• _Task directions_: Copy the lines below exactly, starting with the first and finishing with the one holding "Depending on the"; do not copy the pictures.

[Dataset entries]
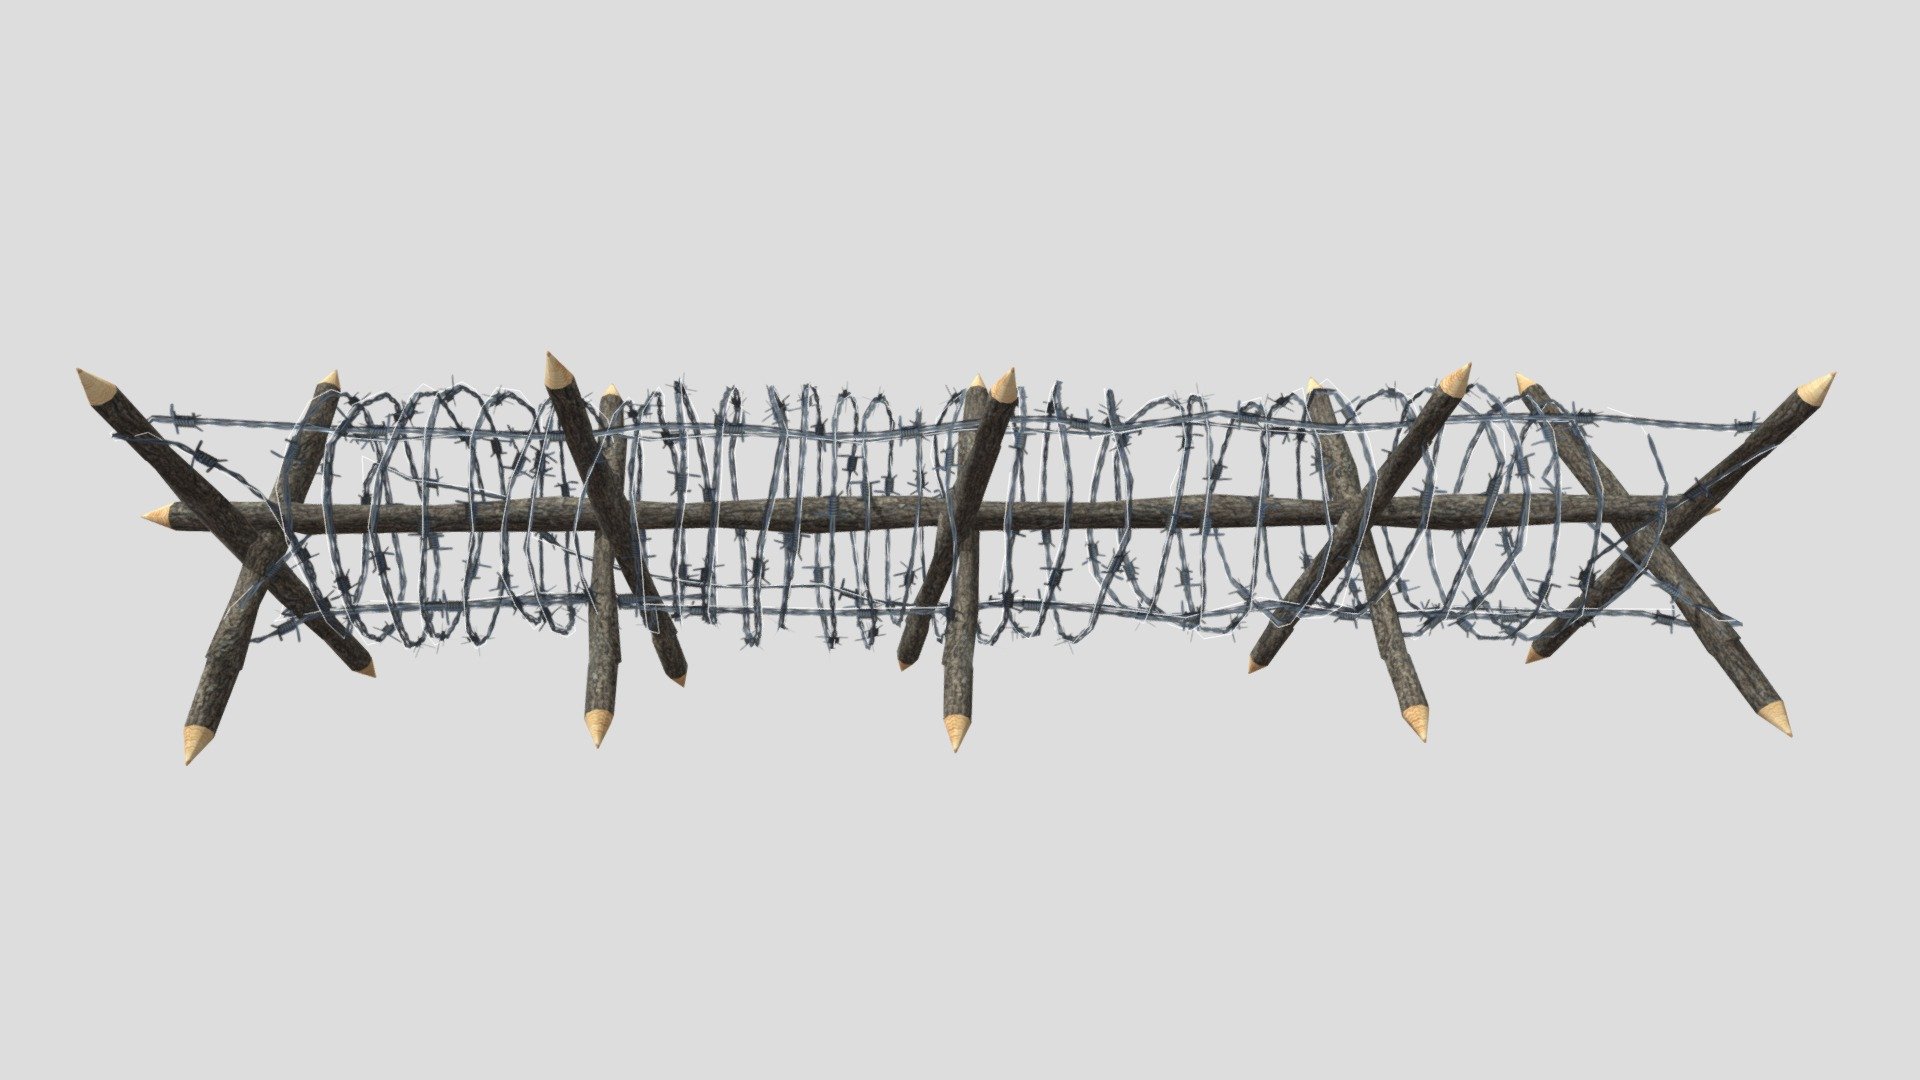 A very accurate model of a Low Poly Barbed Wire Obstacle.

The model comes in five formats:
-.blend, rendered with cycles, as seen in the images;
-.obj, with materials applied and textures;
-.dae, with materials applied and textures;
-.fbx, with material slots applied;
-.stl;

The obstacle is in low poly, the barb is created using plane images.
Depending on the 3D Software program used, slight material tweaking might be needed.
This 3d model was originally created in Blender 2.78 and rendered with Cycles.
The model has materials applied in all formats, and are ready to import and render.
The model is built strictly out of quads and is subdivisable.

For any problems please feel free to contact me.

Don't forget to rate and enjoy! - Lowpoly Barb Wire Obstacle 11 - Buy Royalty Free 3D model by dragosburian 3d model

• _Final answer_:
 A very accurate model of a Low Poly Barbed Wire Obstacle.

The model comes in five formats:
-.blend, rendered with cycles, as seen in the images;
-.obj, with materials applied and textures;
-.dae, with materials applied and textures;
-.fbx, with material slots applied;
-.stl;

The obstacle is in low poly, the barb is created using plane images.
Depending on the 3D Software program used, slight material tweaking might be needed.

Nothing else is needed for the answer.